U.S. Alpine skiing's worst Games in 34 years exposes big issues

YANQING, China — Alpine skiing is perhaps the most whimsical Olympic sport. Wind lurks at every turn, threatening to decide races. GOATs can fail in any instant. So it would be easy, in the aftermath of U.S. Alpine’s worst Games in 34 years, to blame randomness.

To blame Mikaela Shiffrin’s inexplicable flops.

To blame Breezy Johnson’s injury, or other crashes that hampered contenders.

But randomness alone doesn’t explain why a once-dominant program sputtered to a single medal (a silver) at these Olympics. It doesn’t explain why six of the 10 individual races here finished without an American in the top 10, or why eight finished without an American in the top six, or why mixed parallel slalom team finished off the podium.

For three decades, every fourth winter, U.S. Alpine produced multiple medals or a golden one. The team’s success spanned different disciplines, genders and generations. First came Diann Roffe, then Tommy Moe and Picabo Street. Then came Bode Miller and Ted Ligety. Julia Mancuso and Lindsey Vonn extended the legacy, and Shiffrin took the torch from there.

But beyond Shiffrin, the U.S. has struggled to keep pace with European powers, and no, this isn’t a two-week anomaly. People who know the sport have seen this decline unspooling for years.

USA skiers (from left) Mikaela Shiffrin, River Radamus, Paula Moltzan and Tommy Ford react after finishing fourth in the mixed team parallel event at the 2022 Winter Olympic Games at the Yanqing National Alpine Skiing Centre in Yanqing on February 20, 2022. (FABRICE COFFRINI/AFP via Getty Images)
USA skiers (from left) Mikaela Shiffrin, River Radamus, Paula Moltzan and Tommy Ford react after finishing fourth in the mixed team parallel event at the 2022 Winter Olympic Games at the Yanqing National Alpine Skiing Centre in Yanqing on February 20, 2022. (FABRICE COFFRINI/AFP via Getty Images) (FABRICE COFFRINI via Getty Images)

“Our international junior results over the last decade are unremarkable compared to previous generations,” U.S. downhiller turned broadcaster Steve Porino said in 2020.

Way back in 2014, months after five Americans won Alpine Olympic medals, the publication Ski Racing sounded the alarm.

“One doesn’t need to look far to see problems lurking,” it wrote. “There is a broad lack of depth throughout the sport pipeline as evidenced in world age rankings. Competitive colleges are filling their rosters with foreign competitors due to the lack of available ‘home-grown’ talent. Competitiveness in important benchmarking events, such as the World Junior Championships, is off the pace from 10 years ago when most of today’s stars were developing.”

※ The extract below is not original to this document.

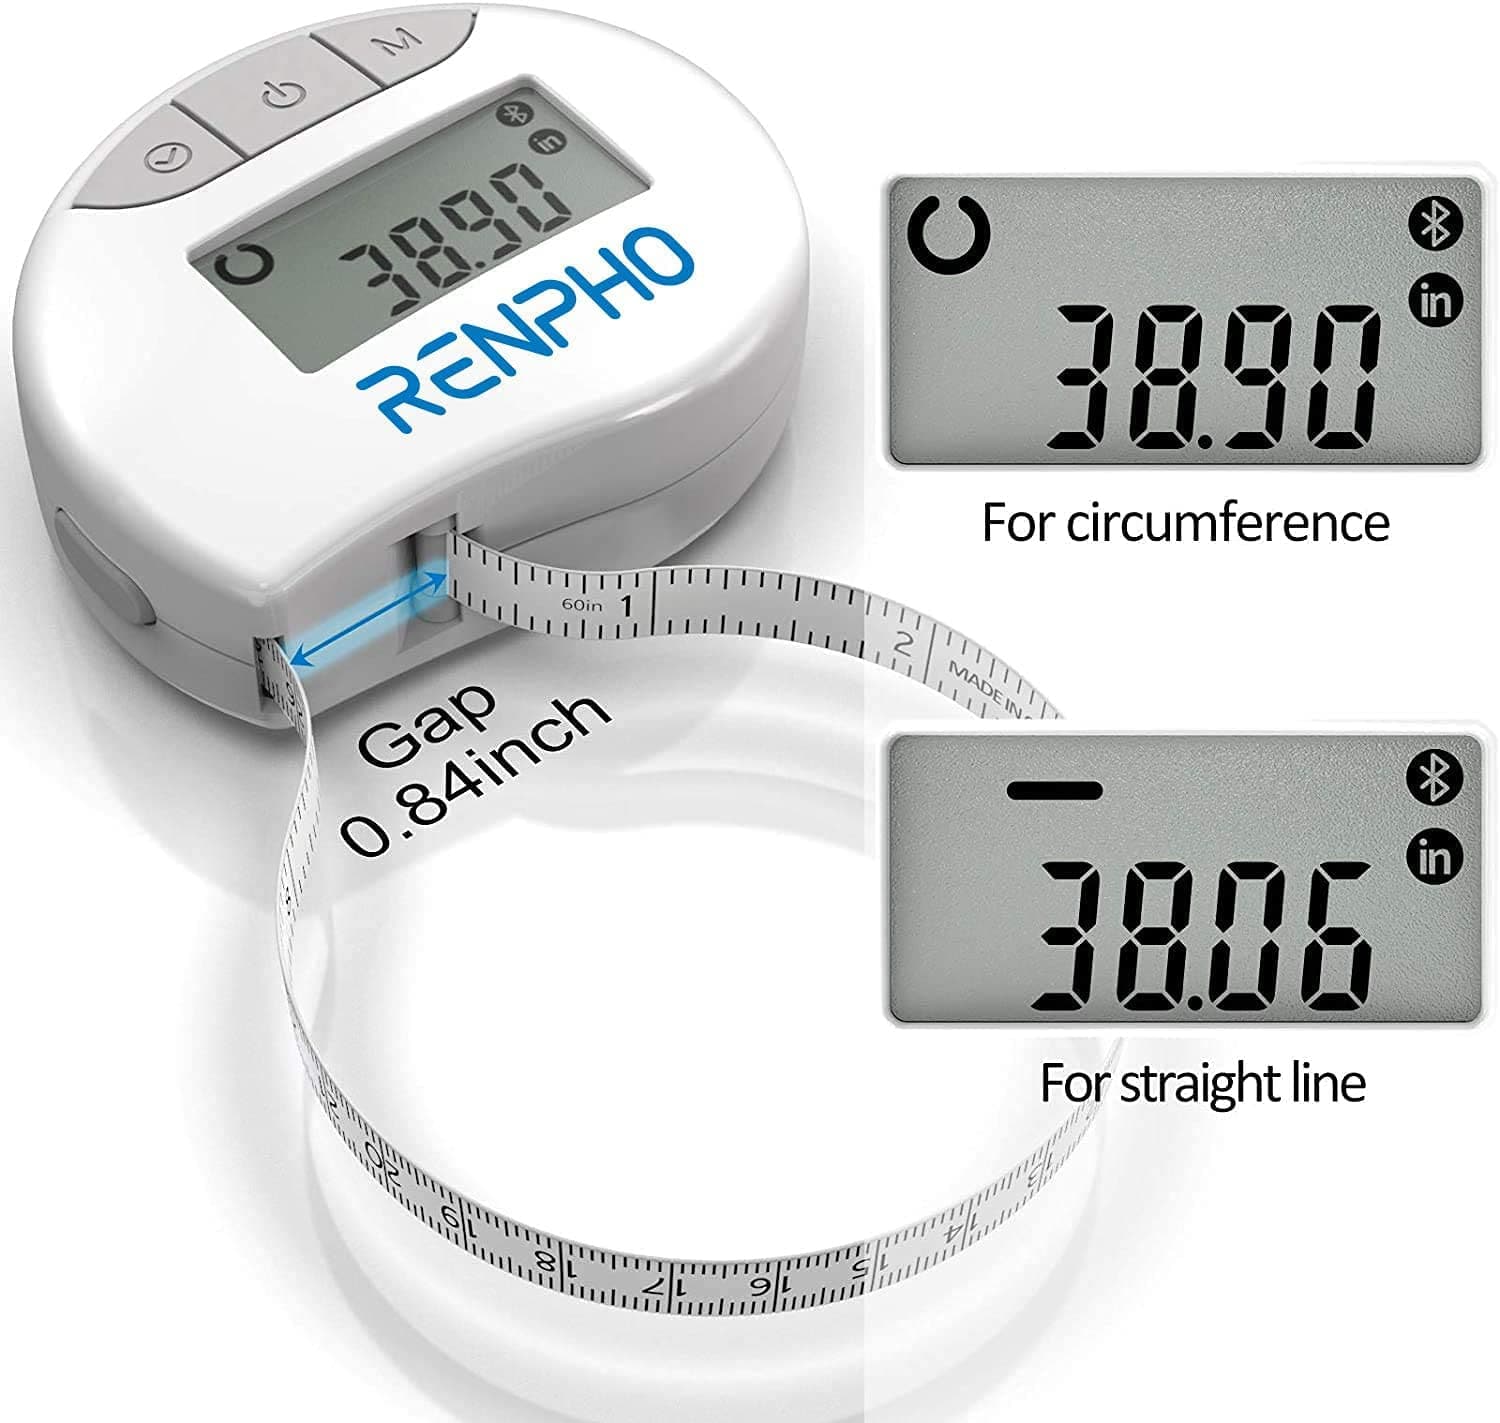 RENPHO Smart Body Measuring Tape : r/NeatThingsForSale

The source of the problems, many believed, was that the sport had gotten prohibitively expensive. While U.S. Ski and Snowboard spent millions to keep its pros atop the world, families spent hundreds of thousands of dollars simply to keep their kids in the sport through high school. “At the grassroots level,” Ski Racing wrote, “increased demands, travel, academic sacrifices, equipment requirements and professionalization of youth sports are all conspiring to drive up the cost.”

“It has gone from expensive to astronomical,” Porino said. “And no one really understands why or whether there has been any value added.”

The sport, of course, has always been one of privilege. “Ski racing, and skiing in general, is incredibly elitist,” Ryan Cochran-Siegle, the lone U.S. medalist in Beijing, admitted last week. It’s also incredibly white. An Aspen Institute study found that, among a national survey of nearly 6,000 high school students, 0% of Black students and 0% of Hispanic students skied on school teams; 1% of Black students and 0% of Hispanics skied outside of school. As the country has gotten more diverse, ski racing hasn’t kept up, and is pulling from an increasingly slimmer subset of America’s athletic talent.

“The strength of America is its diversity, and its differences,” Cochran-Siegle said. “We all want to figure out ways to [bridge] those gaps between different minorities and their access to skiing.”

U.S. skier Ryan Cochran-Siegle poses with his silver medal in the super-G event at the National Alpine Ski Centre on February 08, 2022 in Yanqing, China. It was the only Alpine ski medal for the USA in the 2022 Olympics. (Tom Pennington/Getty Images)
U.S. skier Ryan Cochran-Siegle poses with his silver medal in the super-G event at the National Alpine Ski Centre on February 08, 2022 in Yanqing, China. It was the only Alpine ski medal for the USA in the 2022 Olympics. (Tom Pennington/Getty Images) (Tom Pennington via Getty Images)

White families also found themselves priced out. A little over a decade ago, participation declined across the board. The wealthiest parents paid for year-round training, elite equipment and travel, and essentially raised the barrier to entry, leaving everyone else behind. Porino has called it “financial doping,” because it buys faster times, and can be used “to ostensibly beat the have-nots out of the sport.”

Which is great for those families, and problematic for everyone else, and for U.S. ski racing as a whole.

“In the short run, those kids come out on top domestically,” Porino said. “In the long run, there’s little evidence to suggest our system is bearing fruit internationally.”

The first generation impacted by this trend is the one that should be ascending onto the World Cup scene right now. Instead, it’s mostly absent. The U.S. sent just six male Alpine skiers to Beijing. River Radamus is a talented up-and-comer who nearly reached an Olympic podium, and “his medals are coming,” Shiffrin said Sunday. “That's not something I'm ever worried about.” But beyond him there are no obvious Bode Miller or Ted Ligety successors.

Had things gone differently here — had Shiffrin skied like herself; had Johnson, a medal favorite in the downhill, stayed healthy — the U.S. could have won three or four medals. The problems could have remained hidden.

But they still would’ve existed.

“To say that our sport is in crisis today is not overly dramatic,” Ski Racing wrote in 2014. It was “at a crossroads. The actions we take in the next few months and years will determine if we become irrelevant as a sport only for those with means and a full commitment, or broadly accessible to everyone. It will be determined whether we remain a nation highly competitive for Olympic and World Championship medals or return to an earlier time of occasional champions who succeed in spite of the system, rather than because of it.”

Eight years later, that prophecy may have come true.